Comment 1 Chris Lalancette 2008-06-24 06:11:55 EDT
Note that this is closely related to BZ 442723, where we are expanding the
maximum number of disks that you can attach to a guest.

Chris Lalancette
Comment 2 RHEL Product and Program Management 2008-06-24 06:23:20 EDT
This request was evaluated by Red Hat Product Management for inclusion in a Red
Hat Enterprise Linux maintenance release.  Product Management has requested
further review of this request by Red Hat Engineering, for potential
inclusion in a Red Hat Enterprise Linux Update release for currently deployed
products.  This request is not yet committed for inclusion in an Update
release.
Comment 5 Laszlo Ersek 2011-02-17 11:51:37 EST
(In reply to comment #0)
> Description of problem:
> Currently in the RHEL-5.2 kernel, the blktap driver has a hardcoded limit of
> 100 devices.  This means that the dom0 kernel can only service 100 disks
> total, across all guests.  Upstream has kicked this up to 256; however, there
> really seems to be no reason that this couldn't be made dynamic in the
> drivers/xen/blktap/blktapmain.c code, so you could have basically unlimited
> disks (pending memory requirements, of course).
> 
> The basic thing to fix is changing the statically allocated tapfds and
> domid_translate arrays to dynamically allocated, and then fixing all of the
> fallout from that.  It should be relatively straightforward and confined to
> the blktap driver.  Of course, we should definitely work with upstream on
> this one.

Minor devices for /dev/xen/blktap* are already dynamically allocated and reused from a "pool"; it's only that the pool (the array) holding the pointers has static storage duration (and so fixed size).

A dynamically resized pool would require kmalloc() + memcpy() + kfree(), then resetting the pointer pointing to the base of the pool. (Naturally, the array object would be replaced by a pointer object.) This reassignment would require locking or atomic operations, beacuse lots of places in "blktap.c" query "tapfds[minor]". I think this would introduce unnecessary risk.

Another data structure to consider would be a list, but that's even worse -- not only does it involve continuous pointer manipulation, it also doesn't support O(1) access by device minor id.
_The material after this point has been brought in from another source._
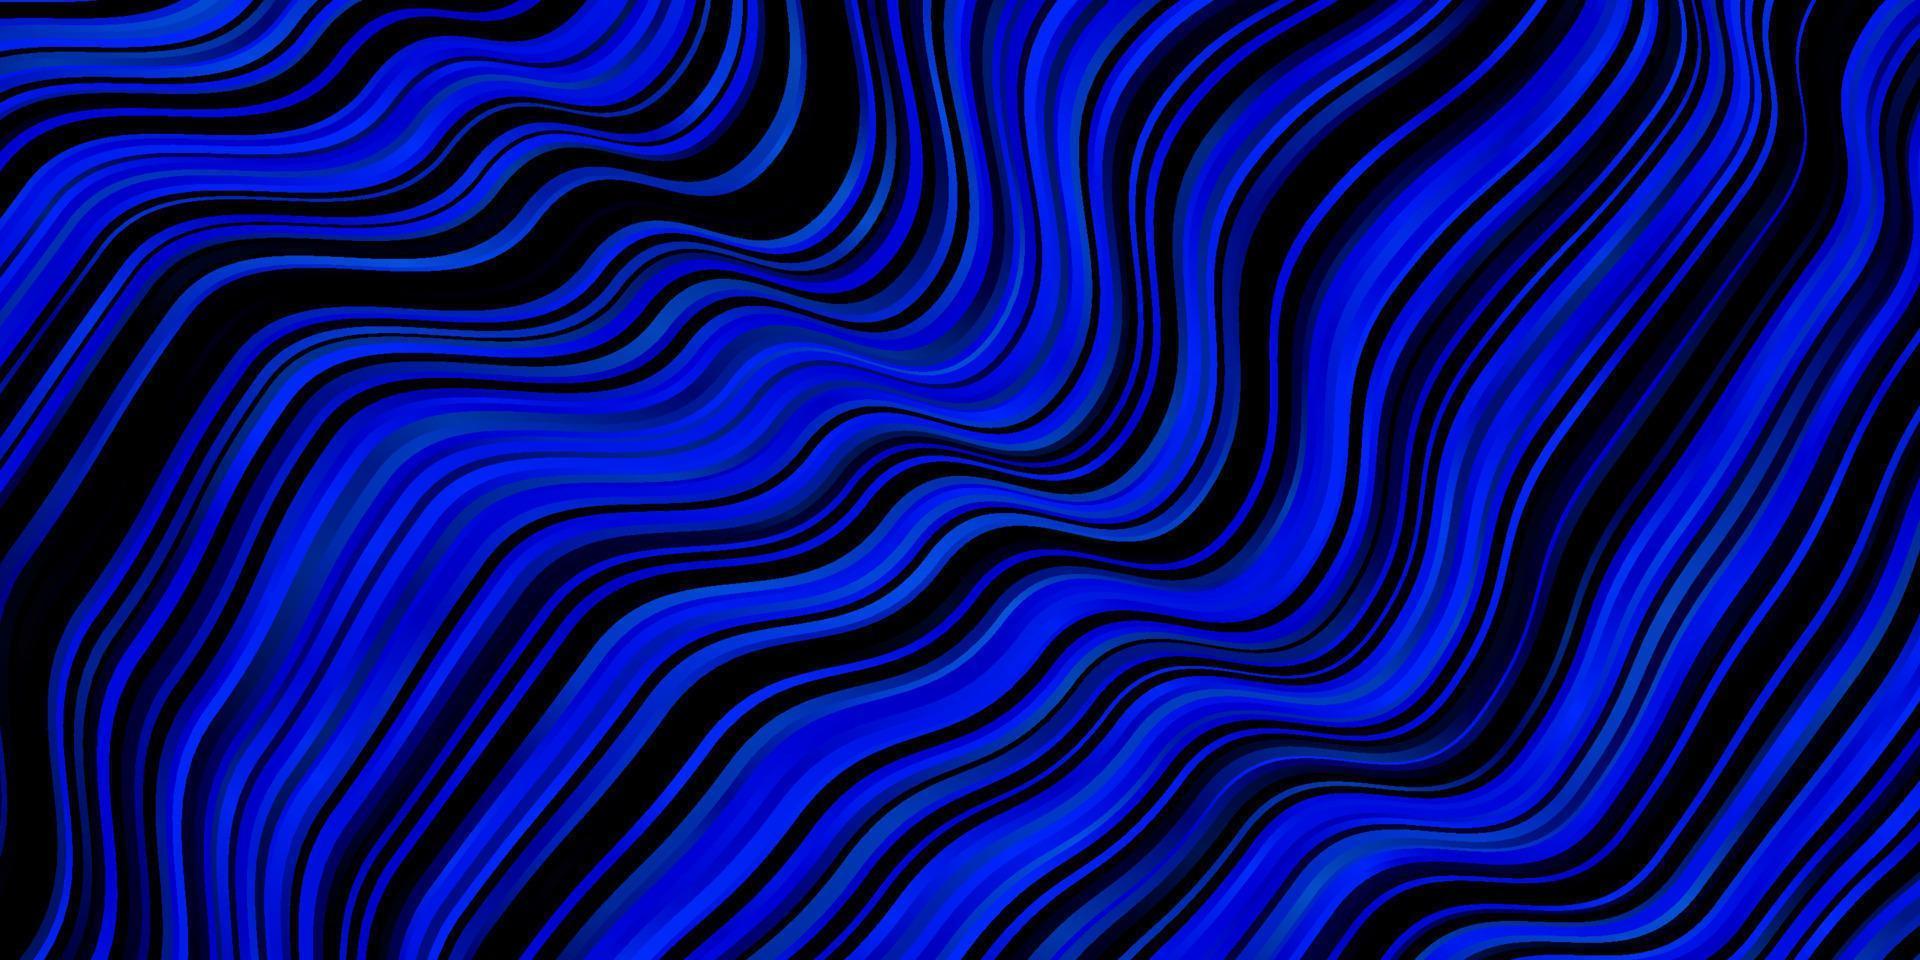 fundo vector azul escuro com linhas irônicas.

But structure more complicated than a vector or a list is unwarranted, in my opinion.

I think the best we can do, and the most we should do, is to introduce a module parameter that specifies the pool size, and replace the static array with a dynamically *pre*allocated array (blkif_init()).

(I'm talking about a single array to replace, but I realize in RHEL-5 we also have the "translate_domid array".)

Considering this bug is two and a half years old and was not linked with business cases here; what's more, that upstream still has a fixed limit of 256 as of rev 1070:2994d2997f9d, I think we can safely assume that a fixed but tuneable pool size would cover all real demands. It seems that the real bottleneck was bug 442723 (number of guest disks).

Now that a single guest can handle up to 26 + 26 * 26 = 702 disks, considering a 1 TB host with ~1000 1 GB guests, I think our new module parameter should be clamped between the round limits of "64" and "512 * 1024", and it should default to 256 (to adjust ourselves to upstream). Whoever needs more than the default 256 does qualify, after 2.5 years, as a special case, and should be willing to set the module parameter. Minor device numbers have 20 bits of information, so this should fit.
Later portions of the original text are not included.